I've been spending a lot of time at the cabin Dennis and I don't have interweb there,and I can't figger out how to post from my phone.But i'm in


----------



## wvdawg (Jul 20, 2015)

Six days to go . . . 

Who will get us started?


----------



## LOVEMYLABXS (Jul 21, 2015)

Ok Dennis I really wanted to start this with something different but it just wasn't meant to be I guess. Took a drive and just couldn't find anything this morning so came home and went what the heck let's start it with my most cooperative bird the hummer


----------



## Resica (Jul 21, 2015)

My Grouse family shot. Just love our state bird.


----------



## wvdawg (Jul 21, 2015)

Alright!  Thanks for getting us off and running guys!
I like 'em both!  Great shots!


----------



## wvdawg (Jul 21, 2015)

Okay - I broke out the Nikon and got myself motivated after seeing the first couple posts, so here is my entry for this week.  Bet some of you were expecting a different color huh?


----------



## deerbuster (Jul 21, 2015)

Just your typical duck hunter wishing it was still duck season.


----------



## wvdawg (Jul 21, 2015)

Super bird in flight shot!  Thanks.


----------



## Crickett (Jul 22, 2015)

Yay!!!




I'm in just as soon as my foot heals. I'm still hopping around on crutches for another week or so.


----------



## Sea dawg1978 (Jul 22, 2015)

Great shots from you all.. As a duck hunter I can see my steel shot being just behind that mallard as he's flying by laughing at me.. lol


----------



## LOVEMYLABXS (Jul 22, 2015)

Crickett said:


> Yay!!!
> 
> 
> 
> ...



Now Crickett that's not much of an excuse you can just hobble out into the yard get in your lounge chair with a cool drink in one hand and the camera in the other 

A hurt foot ain't affecting your mushin finger ....


----------



## LOVEMYLABXS (Jul 22, 2015)

Sea dawg1978 said:


> Great shots from you all.. As a duck hunter I can see my steel shot being just behind that mallard as he's flying by laughing at me.. lol



What you tryin to tell us hittin one of them big ole slow movin Mallards is tuffer then shootin fast movin divers?? 

Just kiddin that is a good pic


----------



## Crickett (Jul 22, 2015)

LOVEMYLABXS said:


> Now Crickett that's not much of an excuse you can just hobble out into the yard get in your lounge chair with a cool drink in one hand and the camera in the other
> 
> A hurt foot ain't affecting your mushin finger ....

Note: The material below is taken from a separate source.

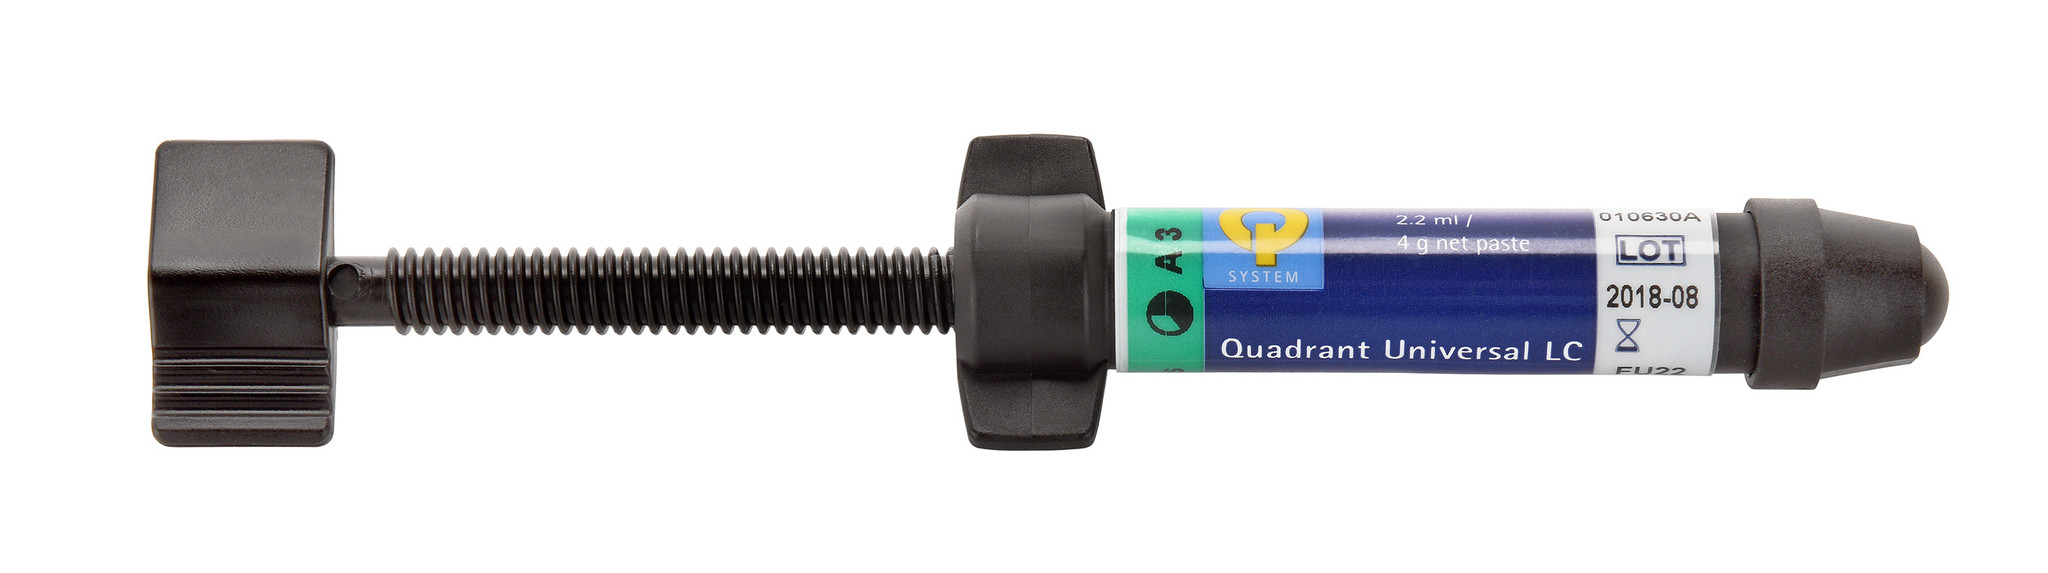 Cavex Quadrant Universal LC spuit (4 gr, verschillende varianten)

 I done told y'all I aint coordinated enough.  Kind of hard to tote my camera & operate the crutches at the same time.


----------



## LOVEMYLABXS (Jul 22, 2015)

Crickett said:


> I done told y'all I aint coordinated enough.  Kind of hard to tote my camera & operate the crutches at the same time.



Isn't that what a hubby and kids are for toten your stuff for a poor ole cripple


----------



## Crickett (Jul 22, 2015)

LOVEMYLABXS said:


> Isn't that what a hubby and kids are for toten your stuff for a poor ole cripple


----------



## j_seph (Jul 22, 2015)

older picture but none the less


----------



## Sea dawg1978 (Jul 22, 2015)

Now this is my kind of slow.. lol


----------



## LOVEMYLABXS (Jul 22, 2015)

Sea dawg1978 said:


> Now this is my kind of slow.. lol



And BIG 

Great shot


----------



## wvdawg (Jul 22, 2015)

LOVEMYLABXS said:


> Now Crickett that's not much of an excuse you can just hobble out into the yard get in your lounge chair with a cool drink in one hand and the camera in the other
> 
> A hurt foot ain't affecting your mushin finger ....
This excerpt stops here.